Rhys Lewis dances to his own tune

Whether it be politics, or something more personal, the singer-songwriter’s music is never without a message…

Can something be lovely and terrifying all at once? Beautiful but panic-inducing at the very same time? The final track on Rhys Lewis’ most recent album, perhaps, pulls off that clever trick. ‘What Wild Things Were’ is a wistful, melodic song on the surface, rounded out by plaintive piano and warm strings. But its lyrics tell a story set in a not-so-distant future, as the speaker looks back on green leaves and blue waters as a distant memory, in a world seared by climate destruction.

This is the subterfuge that Lewis often pulls off so well, perhaps — drawing from deep wells of feeling, but with a lightness of touch, an ear for melody, and an always-smiling, playful personality. (I have rarely seen someone inhabit a blood-red velvet dinner jacket with quite such glee.) It might be a break up — the eternal songwriter’s watering hole — or the end of the world. But Rhys Lewis always has something to say.

“That’s kind of why I love writing songs,” he says, “Because you can put something into words that perhaps someone else couldn’t, and they can go: ‘that’s exactly what I needed to hear.’ You feel unified and fortified that someone else has gone through the same thing, perhaps.”

Sometimes the source material is personal. “But that stuff’s almost easier to address, in a way. Empowering, certainly,” Lewis says. “You put something out there in this really vulnerable way — but instead of feeling vulnerable after it, you felt more confident, because people say: ‘I know exactly how you feel’ or ‘you’ve really helped me.’”

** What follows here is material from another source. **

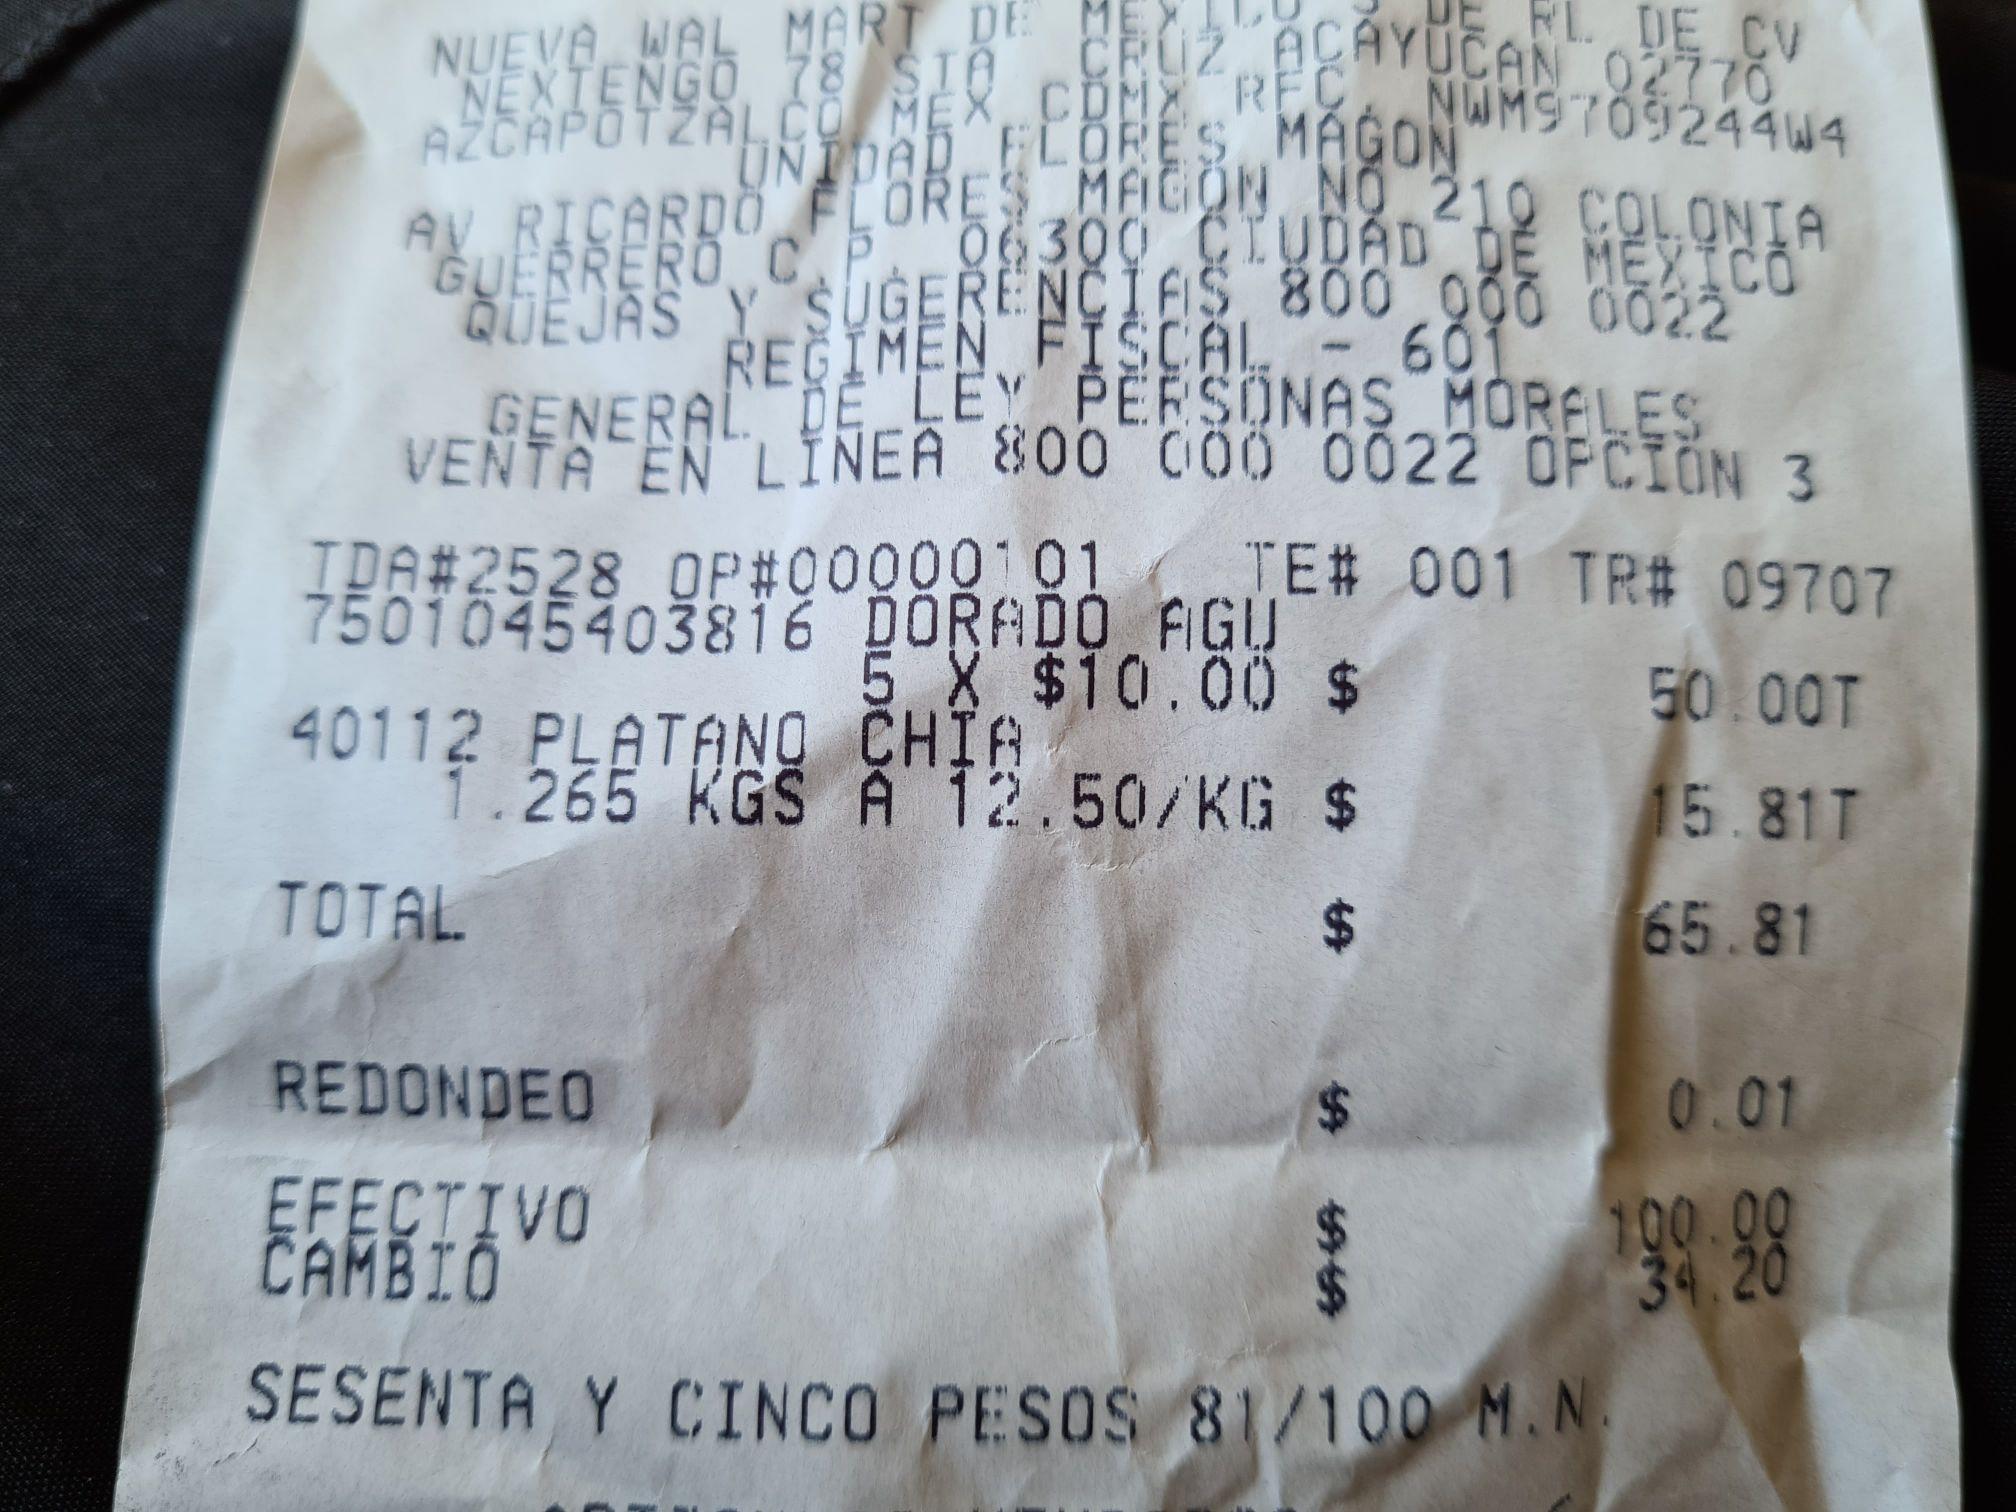 Bodega Aurrerá: ATÚN dorado agua 285g $10

Rhys Lewis (second from right) shot for the Gentleman’s Journal Music Issue

At other moments, it’s entirely universal. “I read a book by David Wallace-Wells called The Uninhabitable World,” he says. “And a lot of the facts and figures in it are: ‘by 2030…’, or ‘by 2050…’ That’s very much within my lifetime. It’s certainly within my daughter or my son’s lifetime. I was terrified by the future this book was describing.

"You put something out there in this really vulnerable way.."

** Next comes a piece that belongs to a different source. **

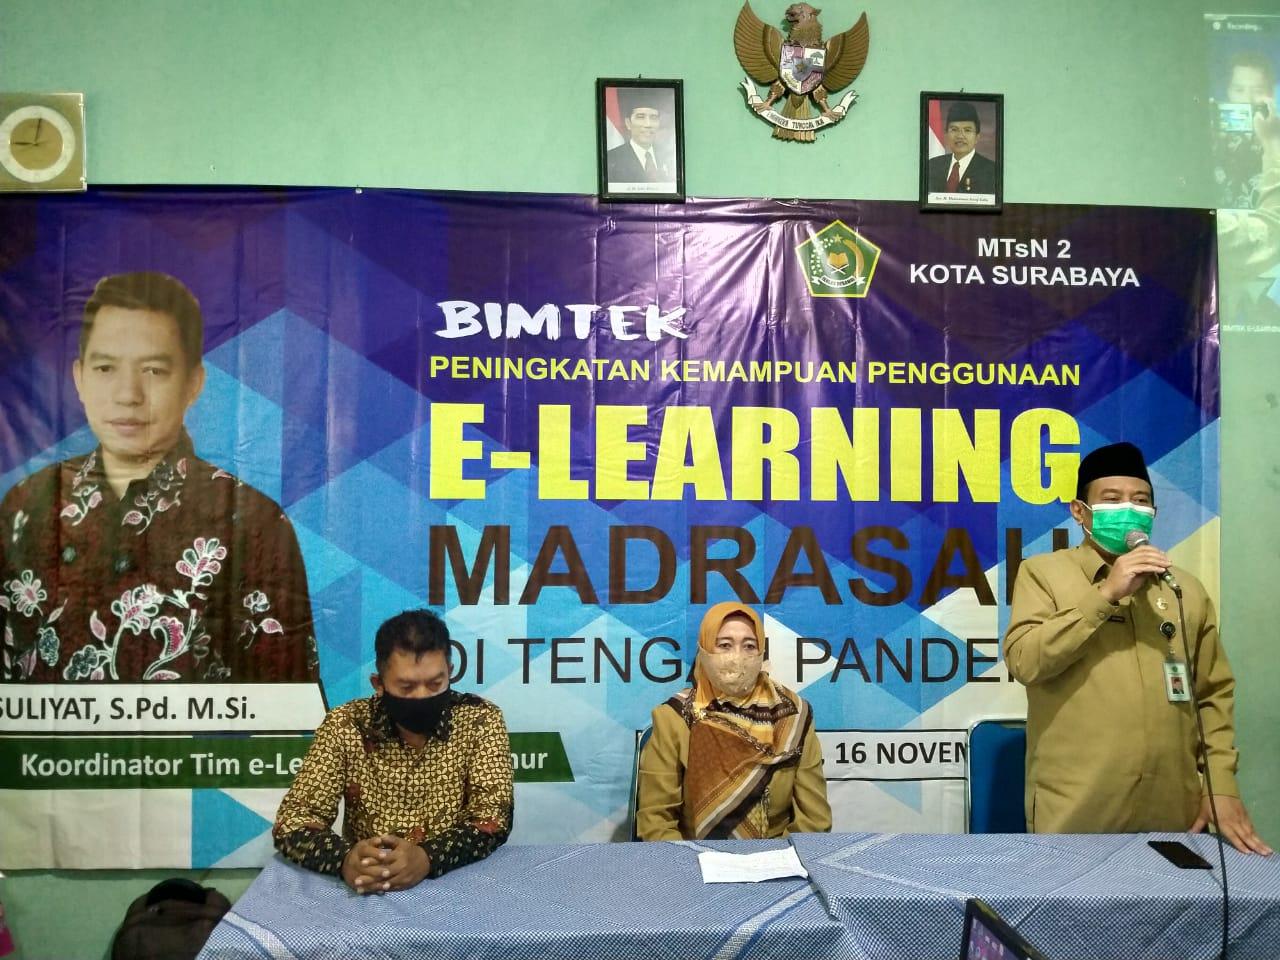 PERINGATI HARI GURU, MADRASAH GELAR BIMTEK E-LEARNING

“So I put myself in 2050, and wrote about the birds, and the trees, and the blue water. It sounds sort of apocalyptic. But there’s a very real chance that we’re going to see dramatic change and have millions of lives affected. And we have, as a society, to engage in it, in a way that doesn’t terrify us, but makes us feel empowered to do something positive. There must be a way to do that.”

“Very few artists choose to be political these days, and make a social comment, and because of that, people don’t think it’s a musician’s role to do that,” he continues. “If you look at Billy Bragg and Bob Dylan, they were inspiring social change. I would love to see Ed Sheeran and Rihanna, for example, talking about this stuff more. It’s very cheesy to say it, but there is a power to music, and it can be hugely influential.

“People cringe about Band Aid, but it did change things, even if it was misguided to some degree. There’s a huge issue here that we could all be addressing together, in a collective way.”

If the next Band Aid does coalesce around climate change, then Lewis should certainly be on the songwriting committee. His songs always feel charged up and punchy, even when they’re understated and stripped back. I’m still very fond of one of his tracks from 2017 — the low key and taut ‘Reasons to Hate You’ — which begs a departing girlfriend to say they’ve been unfaithful, even though they haven’t, just to make the split a little less horrendous. My 16-year-old self is entirely onboard with that contortion.

“I’m writing an album now, and the new song on that will be similar to the last one,” he concludes. “And I want to leave people with something that makes them think,” he says. The clever thing about Rhys Lewis, however, is that he’ll make them feel it first.